3 Elements for Successful Workforce Management: Embracing a New Way of Thinking in Health Delivery

3 Elements for Successful Workforce Management: Embracing a New Way of Thinking in Health Delivery

Rising labor costs – driven by increased staff turnover, growing use of external agency labor, and demand for higher wages – continue to account for a large percentage of hospital and health system expenses. Although the problem is evolving, the approaches to measuring and managing labor in health delivery remain antiquated, plagued by 1) financial performance targets that are misaligned with workforce management tools, 2) a lack of understanding among front-line managers about the dynamic relationship between hours, volume, and cost, and 3) the lack of discipline and rigor around labor expense management processes, cadence, and reporting.
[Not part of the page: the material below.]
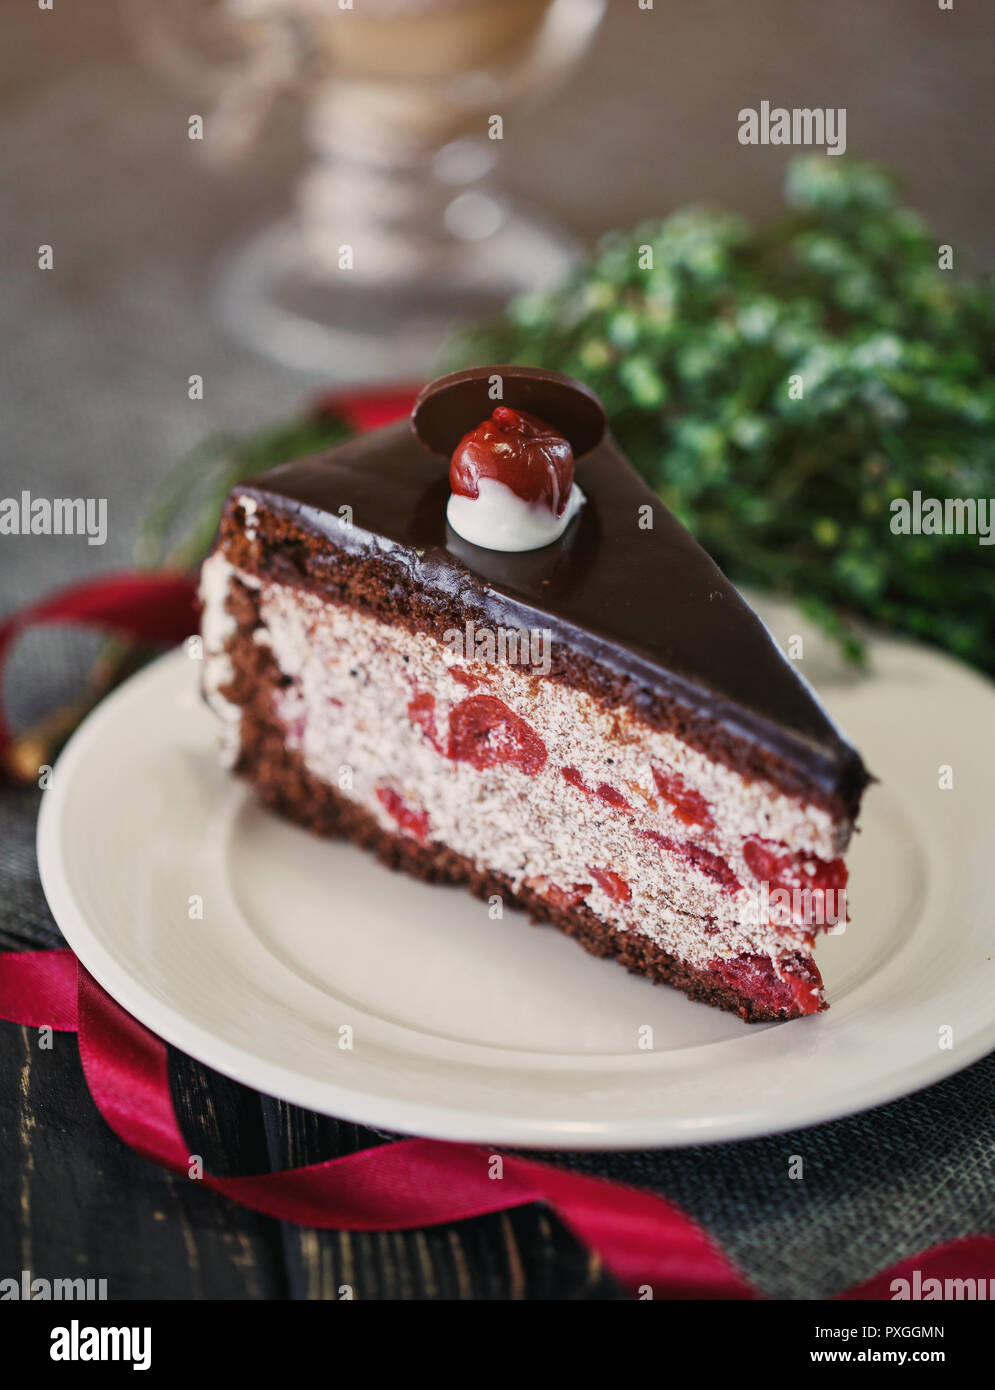 A piece of chocolate cake with cherries Stock Photo

In the current environment, effective workforce management requires hospitals and health systems to embrace a new way of thinking centered on patient-focused staffing; one that empowers front-line managers to run their departments as if they were small businesses.

There are three elements to a successful program.

 

3 Elements to a Successful
Workforce Management Program

01

Leveraging data that is aligned with patient-focused staffing.

02

Strategically utilizing the right combination of labor reports and interactive tools.

03

Providing education, ensuring engagement, and driving cultural change

Leveraging data that is aligned with patient-focused staffing.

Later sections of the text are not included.